> **What you should do**:
Among the lines below, list those containing the string "Stock".

> **Source records**:
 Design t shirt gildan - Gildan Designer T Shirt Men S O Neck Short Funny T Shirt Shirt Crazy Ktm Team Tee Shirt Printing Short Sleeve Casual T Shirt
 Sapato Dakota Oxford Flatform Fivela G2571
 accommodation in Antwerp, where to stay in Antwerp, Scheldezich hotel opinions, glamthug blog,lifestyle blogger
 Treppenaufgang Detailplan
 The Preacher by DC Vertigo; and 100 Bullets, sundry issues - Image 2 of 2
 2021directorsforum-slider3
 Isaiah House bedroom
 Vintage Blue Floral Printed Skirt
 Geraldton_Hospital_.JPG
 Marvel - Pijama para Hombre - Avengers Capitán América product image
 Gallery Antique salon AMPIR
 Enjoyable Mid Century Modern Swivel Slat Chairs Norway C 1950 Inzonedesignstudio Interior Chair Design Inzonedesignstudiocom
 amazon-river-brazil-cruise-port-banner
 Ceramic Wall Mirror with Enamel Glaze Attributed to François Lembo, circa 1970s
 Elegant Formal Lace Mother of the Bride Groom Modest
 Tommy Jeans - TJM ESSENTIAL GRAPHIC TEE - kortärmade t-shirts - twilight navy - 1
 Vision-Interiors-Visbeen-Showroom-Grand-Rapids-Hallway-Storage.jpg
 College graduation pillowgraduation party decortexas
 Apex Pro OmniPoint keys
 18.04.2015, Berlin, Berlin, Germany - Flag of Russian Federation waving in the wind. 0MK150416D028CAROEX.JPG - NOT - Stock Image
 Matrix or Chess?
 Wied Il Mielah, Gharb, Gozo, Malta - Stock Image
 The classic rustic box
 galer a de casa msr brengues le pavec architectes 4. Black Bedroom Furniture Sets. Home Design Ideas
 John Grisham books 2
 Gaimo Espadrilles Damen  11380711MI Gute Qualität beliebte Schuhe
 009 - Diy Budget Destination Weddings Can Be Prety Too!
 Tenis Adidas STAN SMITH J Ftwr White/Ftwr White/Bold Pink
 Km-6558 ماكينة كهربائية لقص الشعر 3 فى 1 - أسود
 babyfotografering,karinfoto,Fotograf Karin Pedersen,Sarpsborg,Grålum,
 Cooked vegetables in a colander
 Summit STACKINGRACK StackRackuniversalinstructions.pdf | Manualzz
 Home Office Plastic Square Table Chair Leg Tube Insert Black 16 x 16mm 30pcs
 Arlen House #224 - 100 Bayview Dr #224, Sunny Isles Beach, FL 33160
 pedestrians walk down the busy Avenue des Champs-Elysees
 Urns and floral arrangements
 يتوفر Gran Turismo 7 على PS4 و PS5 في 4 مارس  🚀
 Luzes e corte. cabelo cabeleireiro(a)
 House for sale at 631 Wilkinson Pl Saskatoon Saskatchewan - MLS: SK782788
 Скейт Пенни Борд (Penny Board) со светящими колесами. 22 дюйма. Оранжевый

> **Expected answer**:
 18.04.2015, Berlin, Berlin, Germany - Flag of Russian Federation waving in the wind. 0MK150416D028CAROEX.JPG - NOT - Stock Image
 Wied Il Mielah, Gharb, Gozo, Malta - Stock Image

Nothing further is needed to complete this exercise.